Par contraste, la technologie, qui se veut "application" plutôt qu' "explication", n'a pas besoin d'être publiée. Ce qui compte, c'est l'artefact, qui tient lieu ici de "publication". L'artisan n'a pas intérêt à révéler ses secrets. à travers les âges, la connaissance technologique s'est transmise de maître à apprenti, bien souvent sans l'usage des mots, par simple imitation. Lorsqu'elle est publiée, la connaissance technologique l'est encore une fois pour des raisons de publicité.

Par moments, il existe donc un flou entre ce qui est explication et ce qui est application. Ce flou devient profond dans le périodes d'effervescence technologique, comme en Angleterre au 18e siècle, où on ne sait plus trop qui est un inventeur et qui est un philosophe. James Watt est au départ un artisan, un fabricant d'instruments. Puis il améliore le moteur à vapeur, et devient un inventeur. Puis il s'interroge sur la nature de l'eau, et on le qualifie de philosophe. Durant cette courte période, l'accès au titre de philosophe devient soudain plus facile... mais dès le 19e siècle, la porte se referme, et la brèche s'agrandit entre les nouveaux philosophes et les inventeurs.

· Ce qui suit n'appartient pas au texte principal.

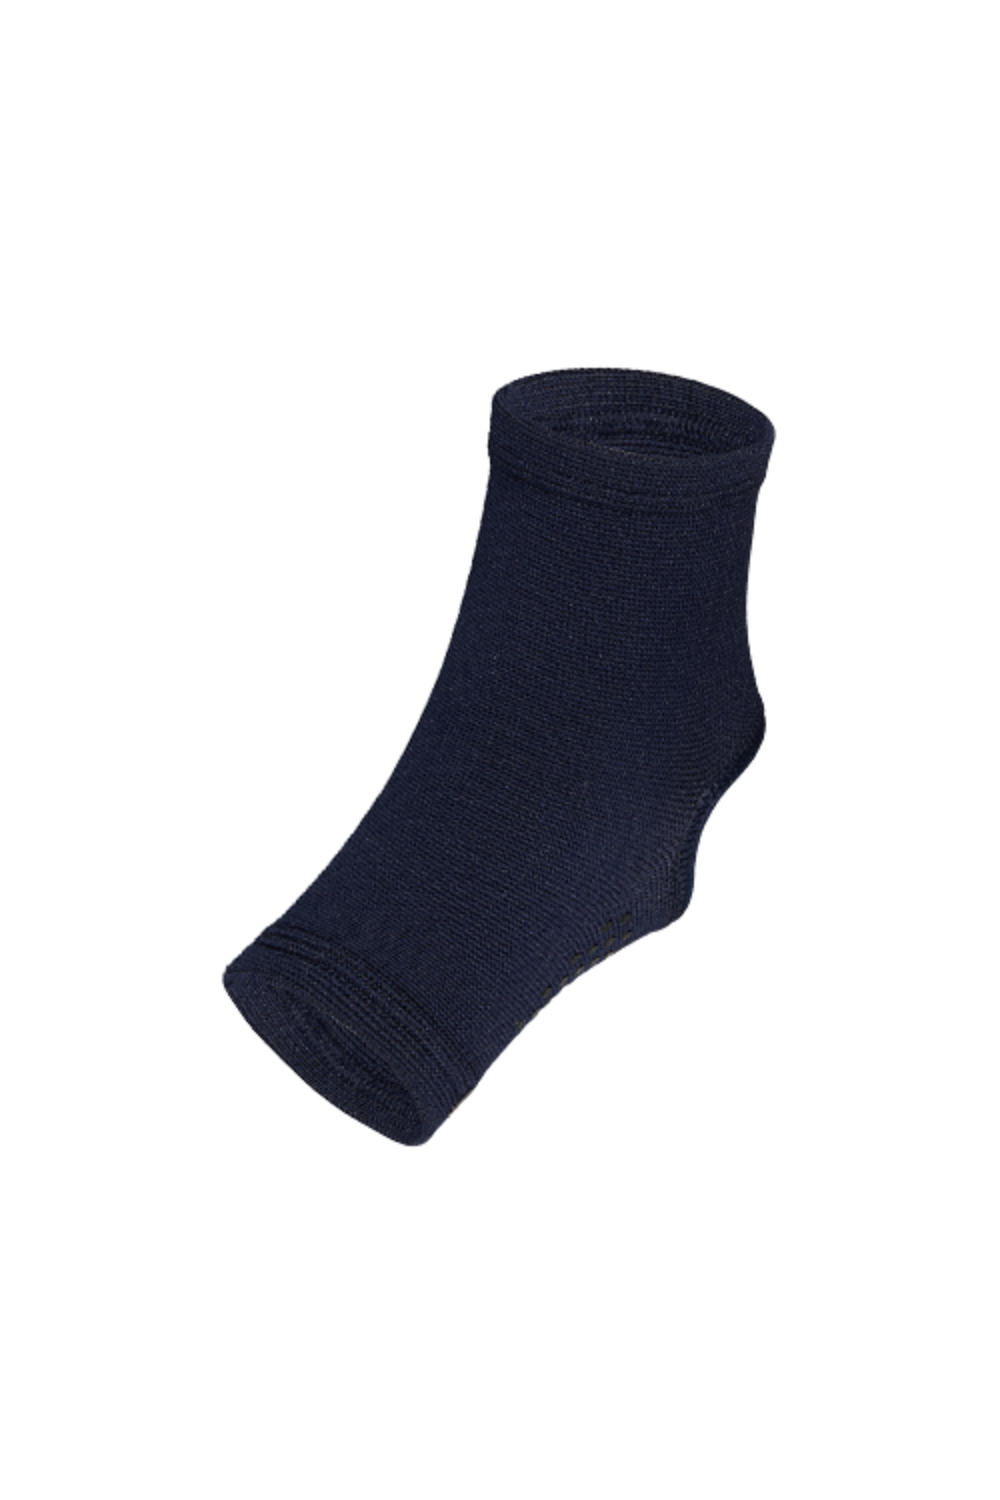 Non Slip Support Socks

Cette brèche existe au sein des individus mêmes. William Thomson (lord Kelvin) est connu comme le père de la thermodynamique, mais il mena parallèlement une carrière lucrative d'inventeur (boussole, ligne télégraphique sous-marine), où ses talents de théoriciens ne lui servaient pas à grand chose.

Aujourd'hui encore, les grands prêtres de "la science" se contentent de "publier". Lorsqu'ils deviennent inventeurs, et fabriquent des artefacts, et surtout si de surcroît ils cessent de "publier", ils s'exposent à être exclus de la prêtrise. Ce fut mon triste cas.